YOUR TASK
Leave every picture out and return the rest of the listing verbatim.

### EXERCISE DATA ###

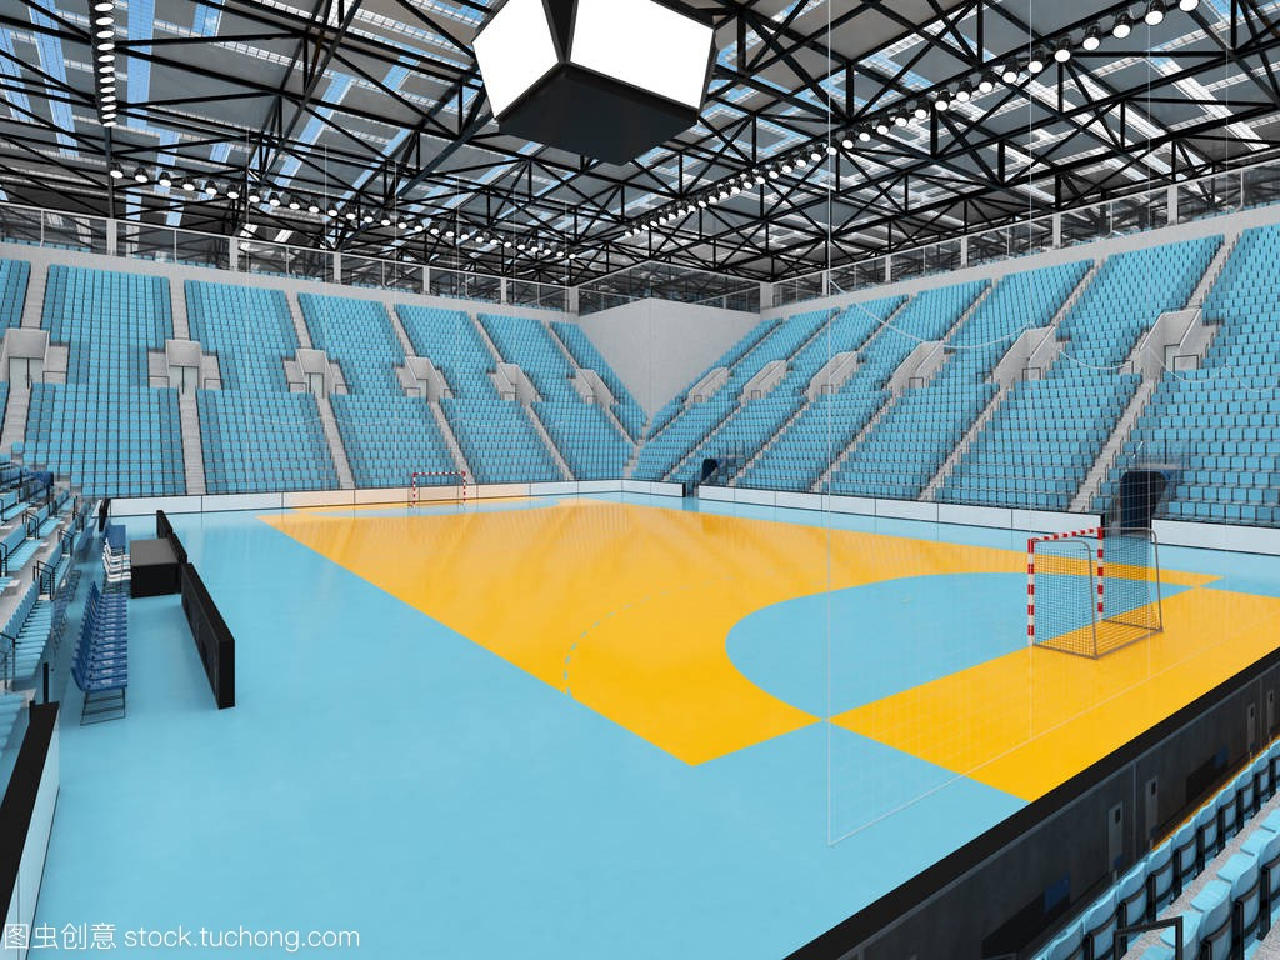 现代手球竞技场蓝色与套路武术剑术和1万球体育座椅v手球国际天空图片
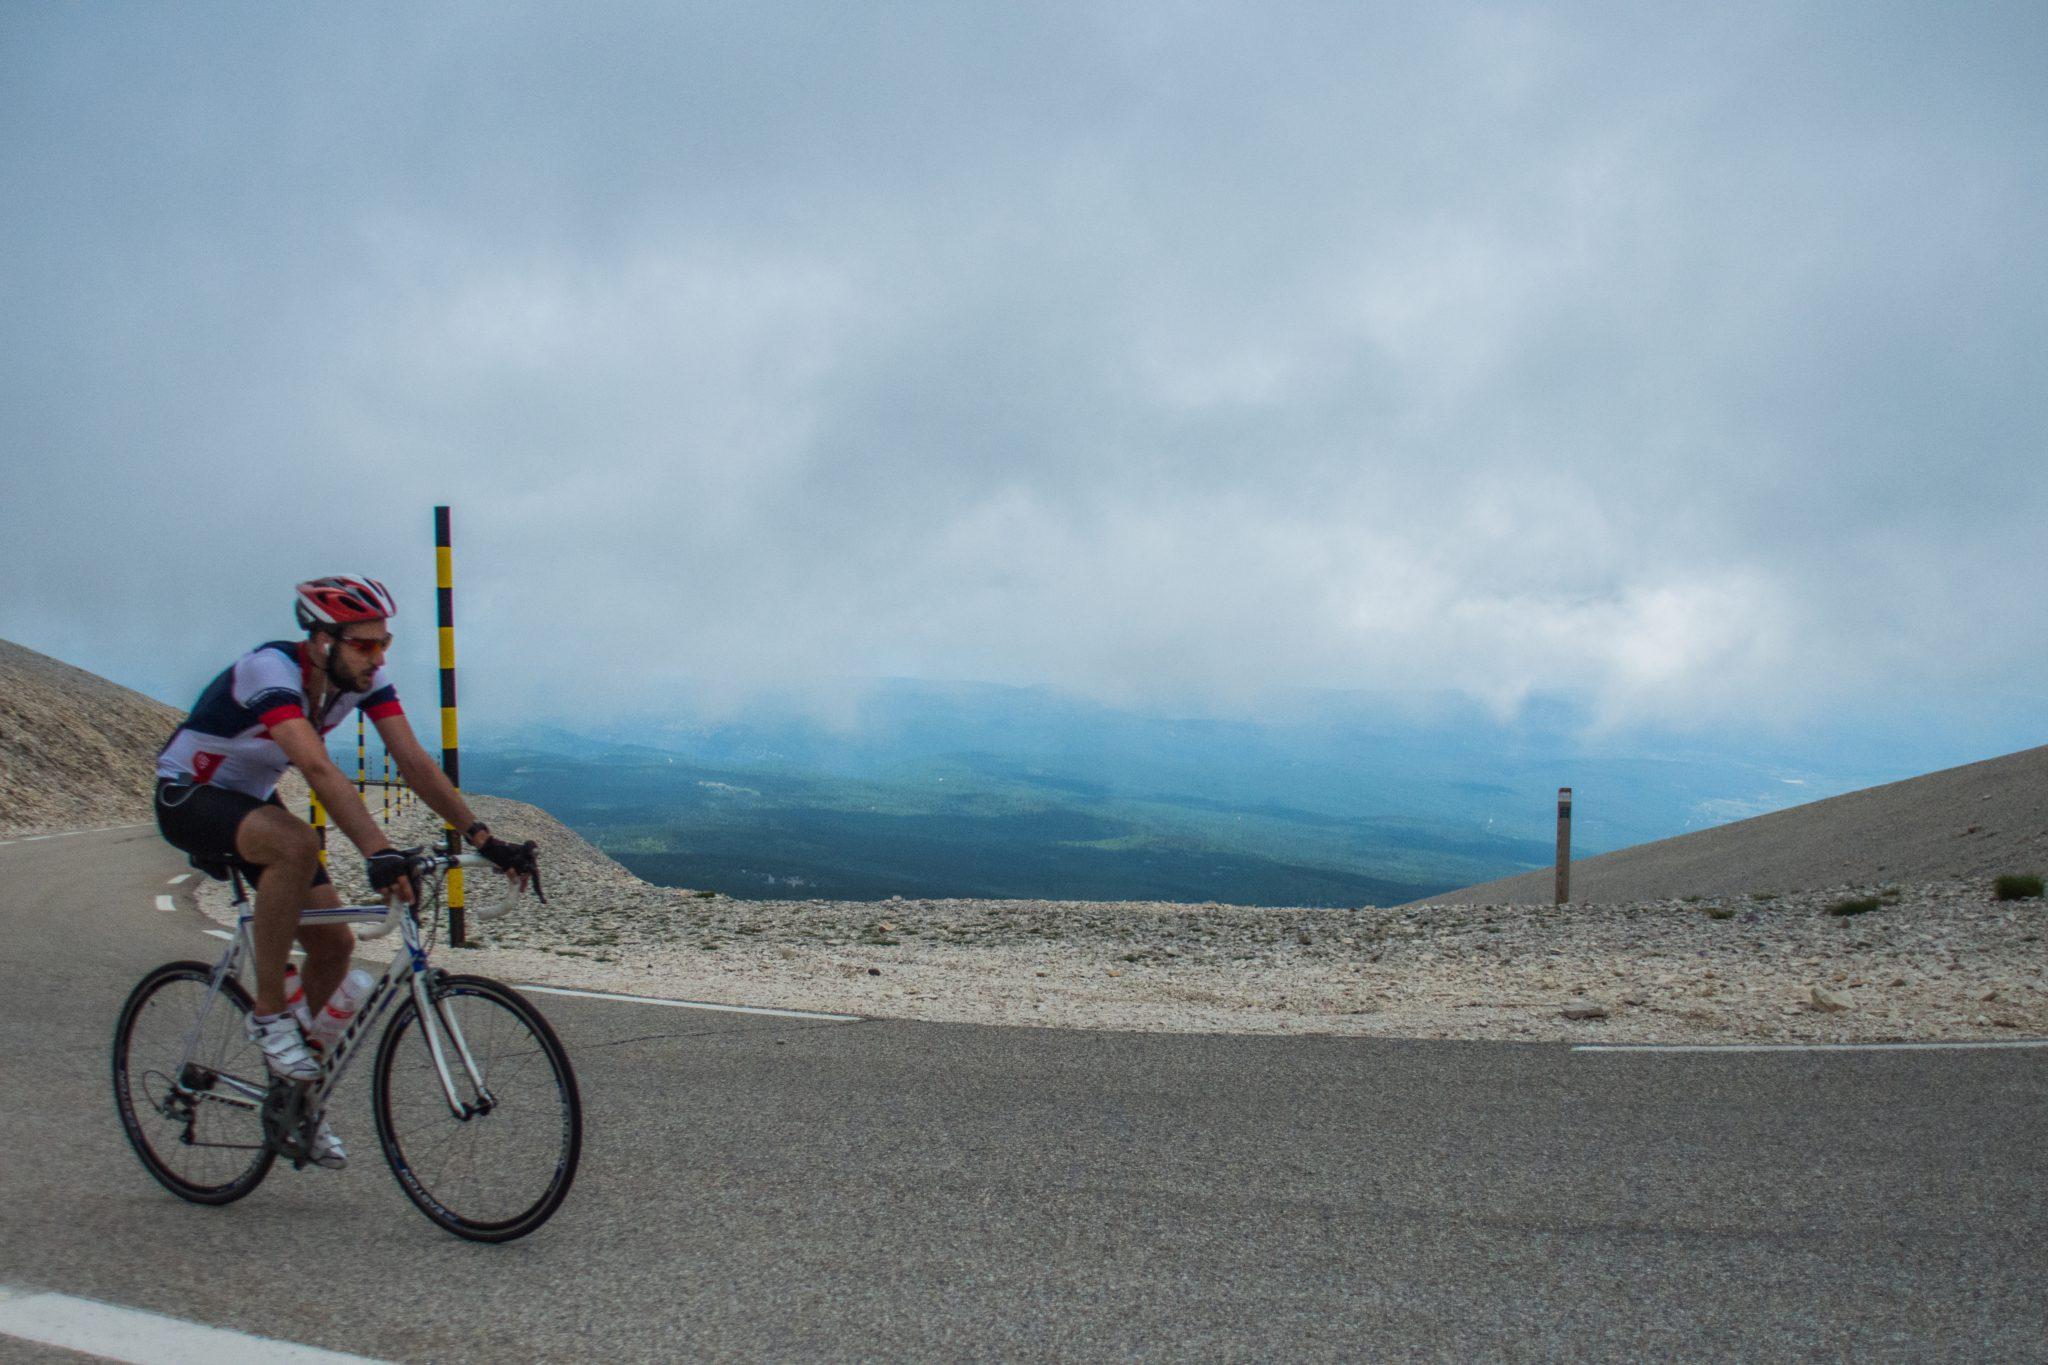 Het weer kan snel omslaan op de Mont Ventoux: neem kleren voor alle omstandigheden mee!
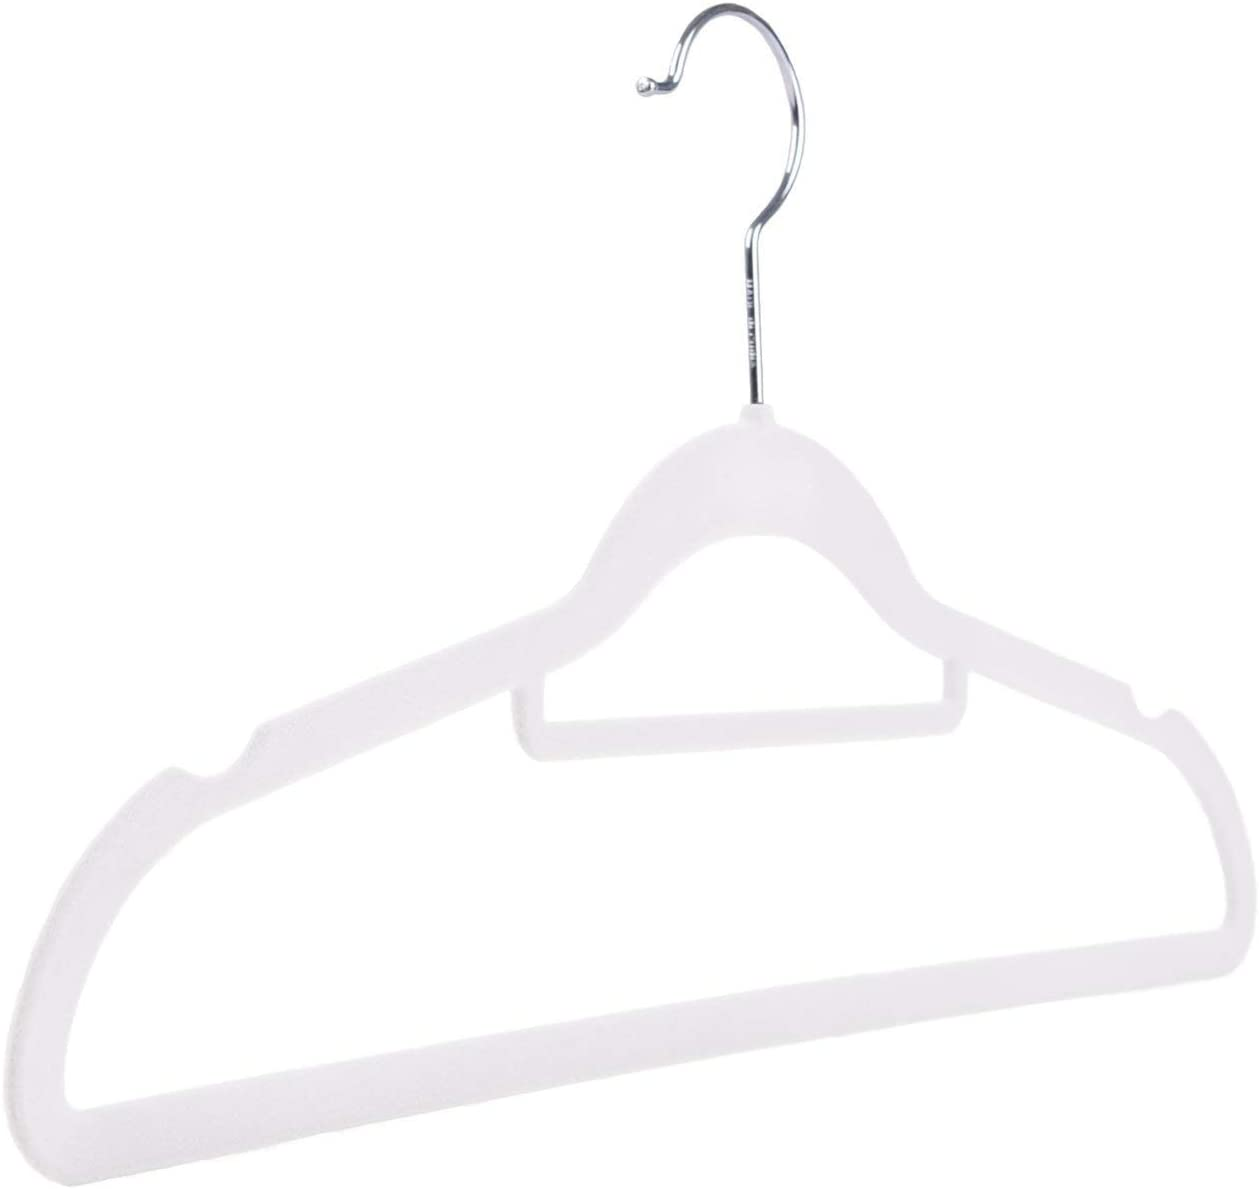 The Hanger Store 30 White Non Slip Flocked Velvet Space Saving Coat Hangers With Trouser Bar Amazon Co Uk Kitchen Home

###

ANSWER TO THIS PROBLEM
 现代手球竞技场蓝色与套路武术剑术和1万球体育座椅v手球国际天空图片
 Het weer kan snel omslaan op de Mont Ventoux: neem kleren voor alle omstandigheden mee!
 The Hanger Store 30 White Non Slip Flocked Velvet Space Saving Coat Hangers With Trouser Bar Amazon Co Uk Kitchen Home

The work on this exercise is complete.